In Atlanta, I learned that while all of our attention on tDCS was on its application to the motor cortex in our attempts to control pain, it could also be used on a part of the brain closer to the forehead - the "dorsolateral prefrontal cortex" - in order to improve executive functioning. And indeed, there are a lot of published studies that support its use in this regard. But there are also a number of good articles that are accessible to people without medical training. These include to the following:

1. Amping Up Brain Function: Transcranial Stimulation Shows Promise in Speeding Up Learning. Fields RD (2011). Scientific American.

2. Brain Zaps Improve Math. Carpenter, J. (2010). Science Now.

3. TDCS guided using fMRI significantly accelerates learning to identify concealed objects. Clark VP et al (2012). NeuroImage; 59(1): 117–128. [AND]

4. Zap your brain into the zone: Fast track to pure focus. Adee, S (2012). New Scientist, Issue 2850.
I've been using it now for about four months. And while my level of organization is nowhere near recovered, I can tell and people have told me that my word recall is much better, I'm much sharper and faster in conversations than I was, and that gradually, I am in fact doing a much better job of staying on task. And at least for the last few months, I can recall with whom I had that conversation!

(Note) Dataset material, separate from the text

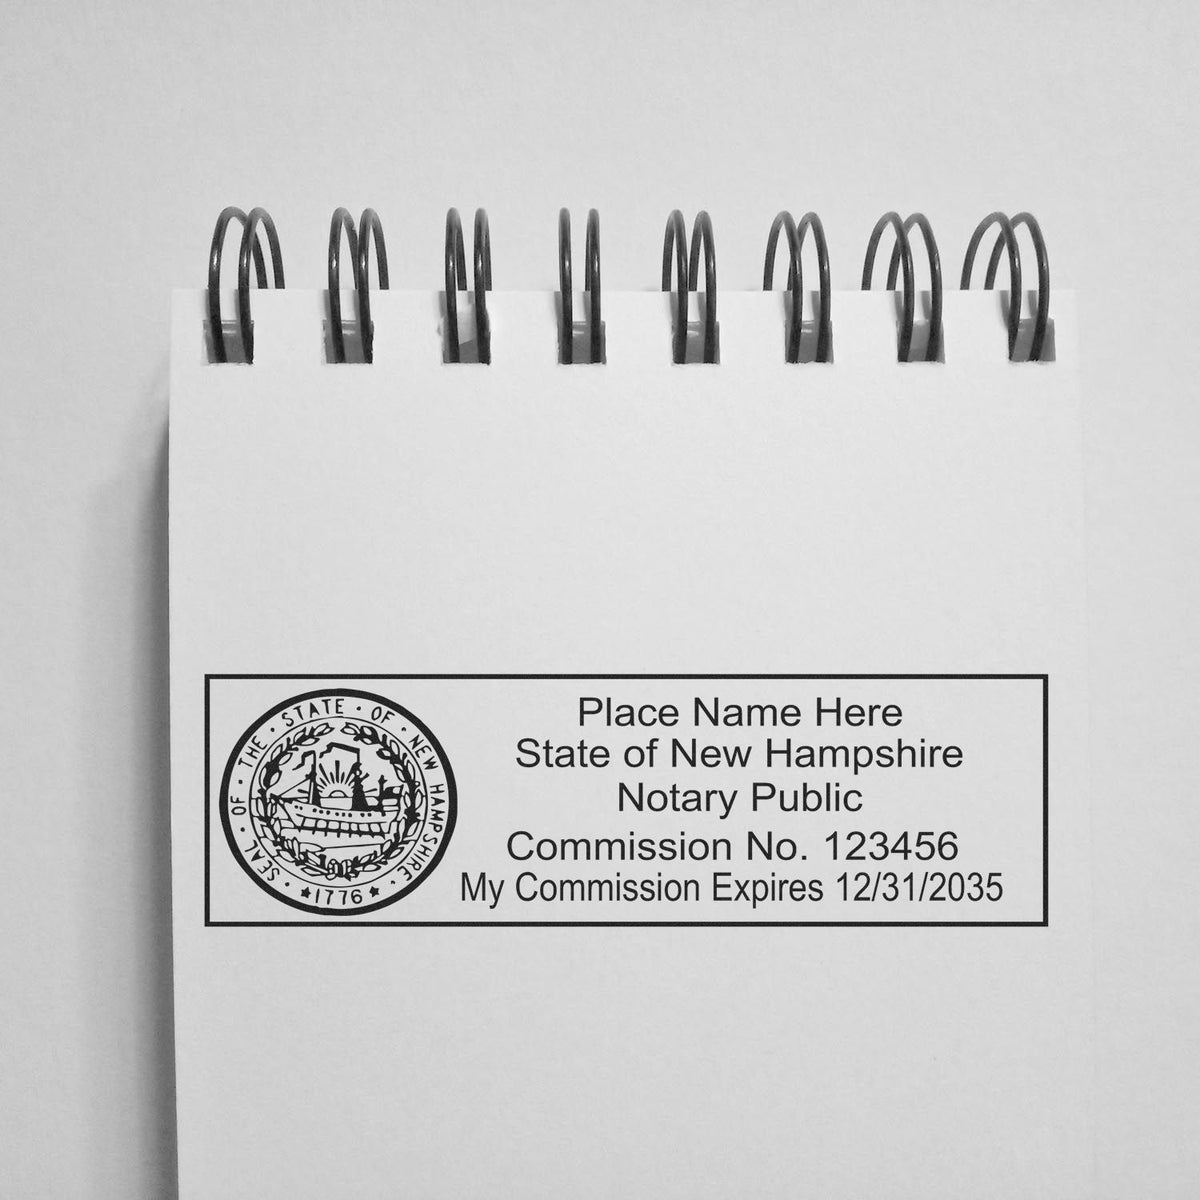 Another Example of a stamped impression of the Self-Inking State Seal New Hampshire Notary Stamp on a piece of office paper.

Apologize for barraging you with all this information (I tend to do that and regret that on occasion it's brought a few threads to a screaming halt) but in this case, you have asked about a topic that is near, if not dear, to my heart.

Please take a look at the tDCS thread (but be warned that it's now up to 12 pages and 460 posts) and if its of interest to you, hopefully you can have the opportunity to pursue it with a physician who has some familiarity with tDCS, where there is an antibiotic of all things - Seromycin (cycloserine) - that has been shown to greatly increase brain plasticity and thereby the effectiveness of tDCS. I would be more than happy to post links to articles from medical journals to that effect, as well as other "peer-reviewed" journal articles on the benefits of tDCS, should you be interested in either seeing or sharing them with a physician.

I hope this is useful and not too overwhelming.